Task brief: Return each line of the listing exactly, though without its images.

Data segment:
-----
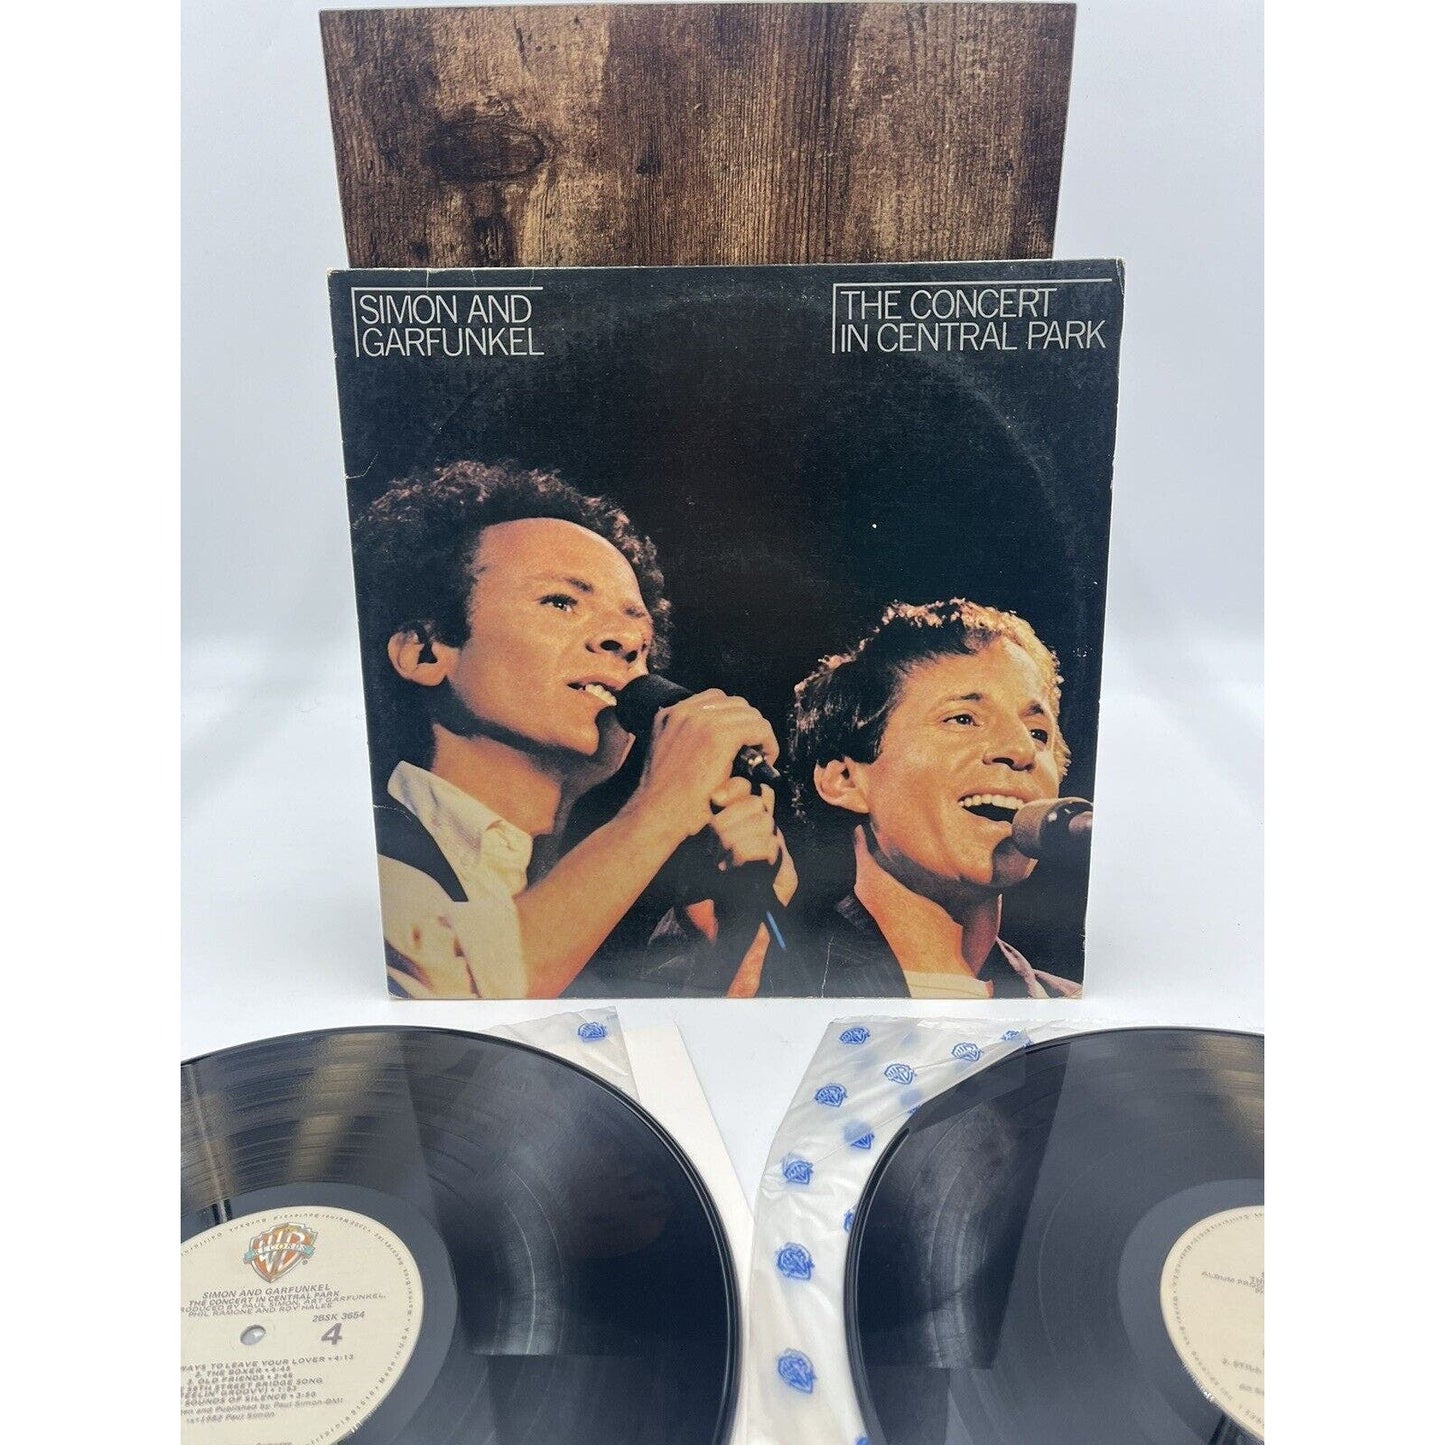 Simon and Garfunkel "The Concert in Central Park" 2LP, 1982. Vinyl VG+
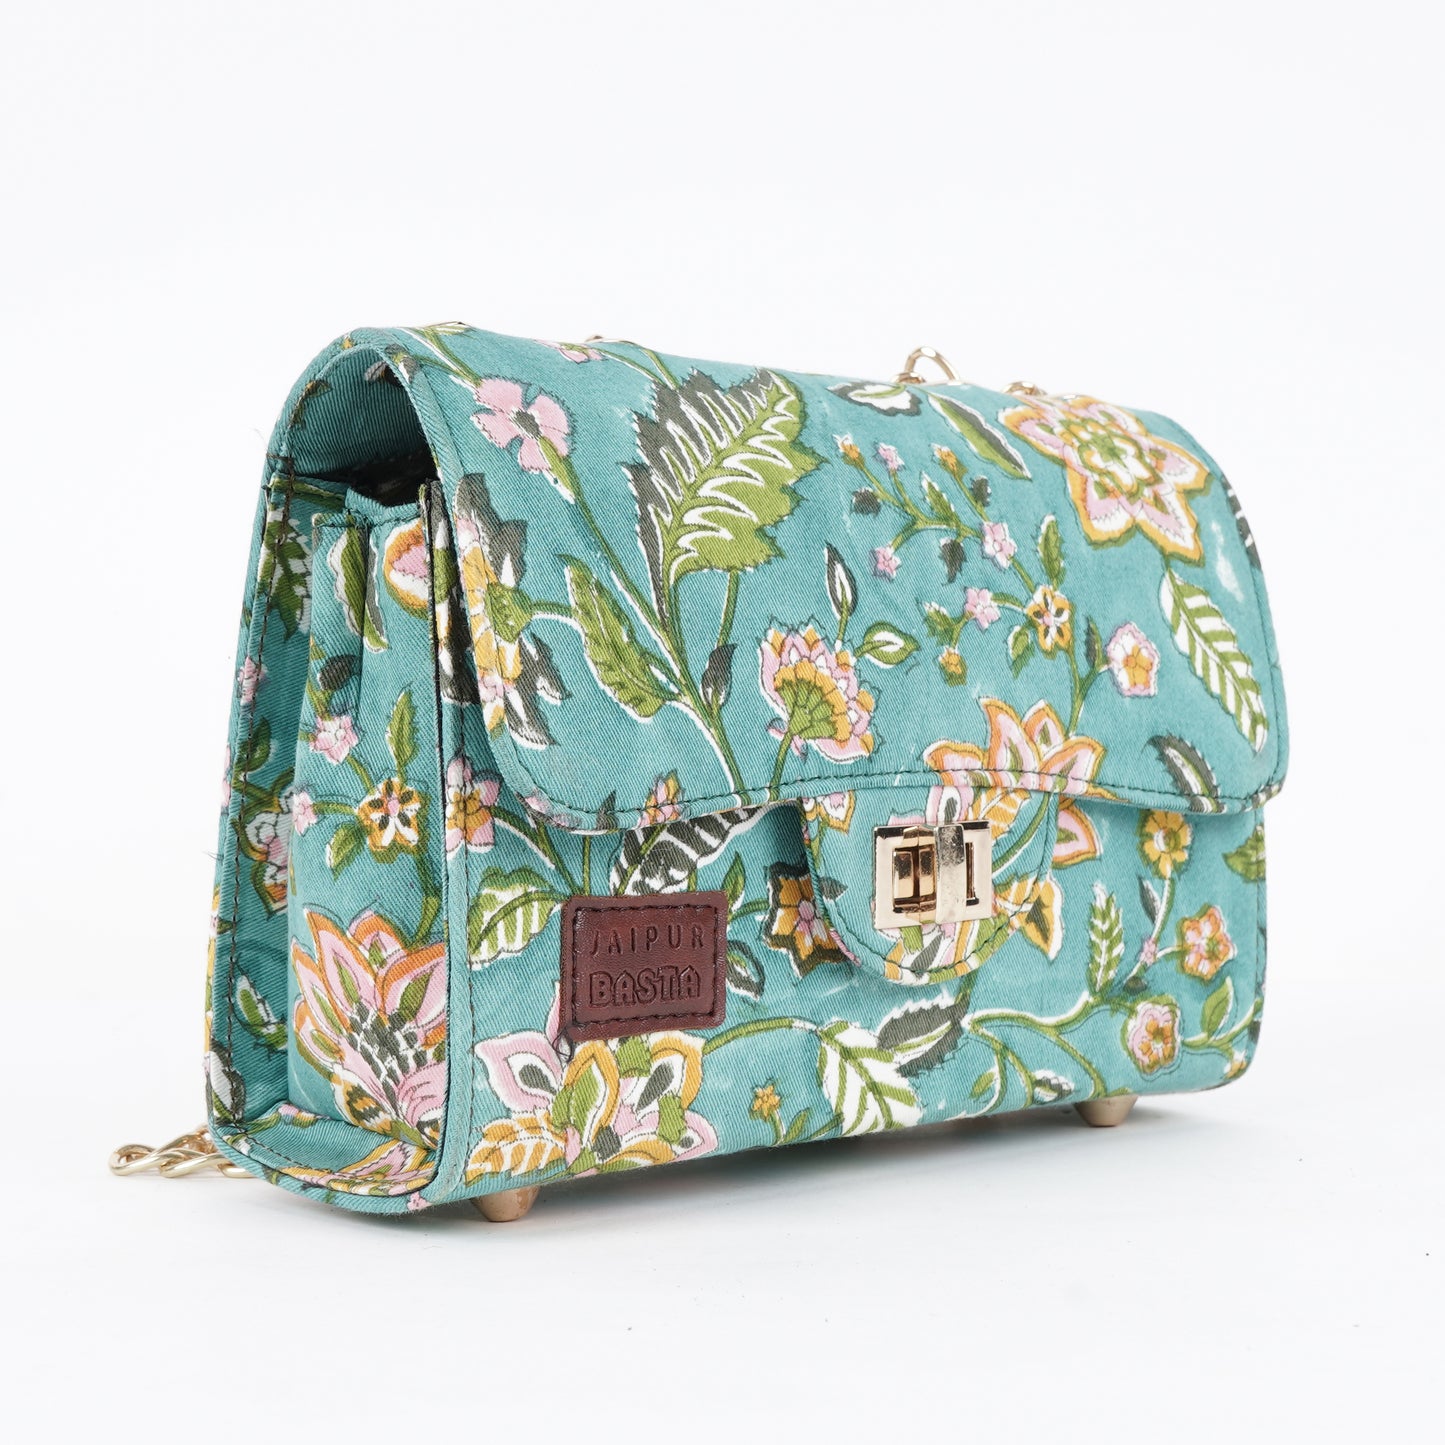 Tiffany Blue Satchel Bag
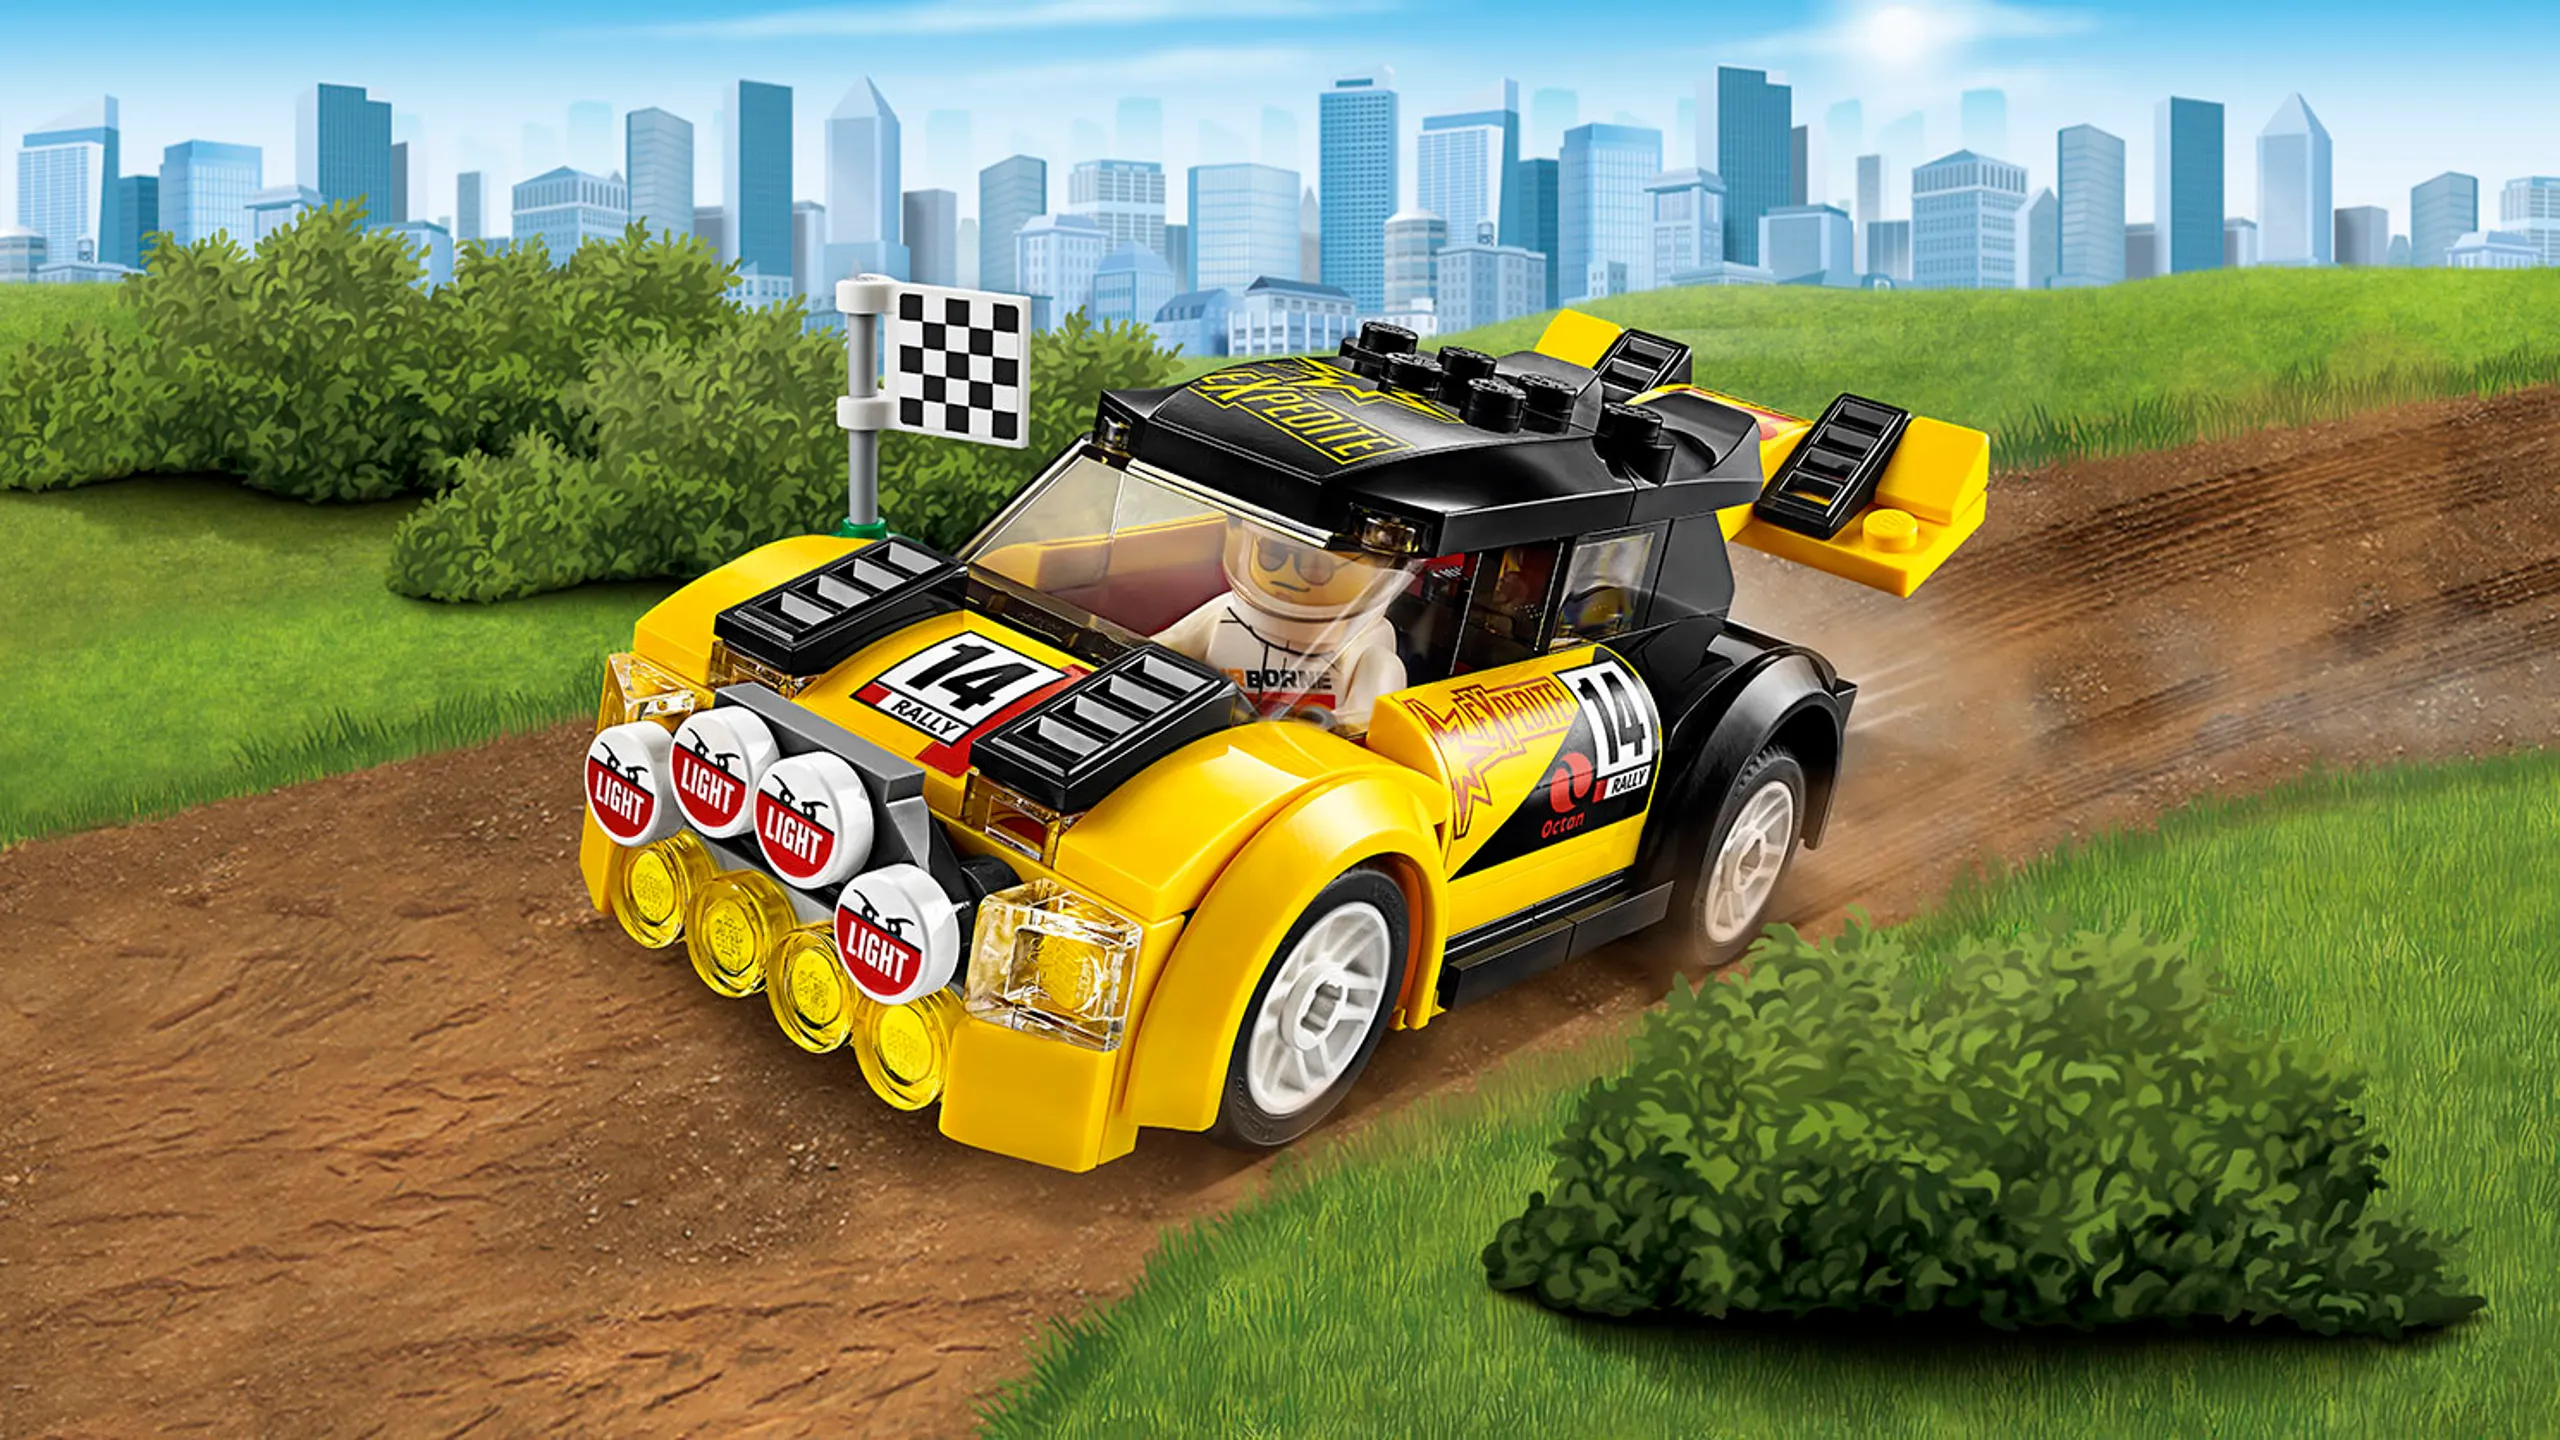 LEGO City Fantastiske fartøjer – Rallybil 60113
-----
Exercise response:
 Simon and Garfunkel "The Concert in Central Park" 2LP, 1982. Vinyl VG+
 Tiffany Blue Satchel Bag
 LEGO City Fantastiske fartøjer – Rallybil 60113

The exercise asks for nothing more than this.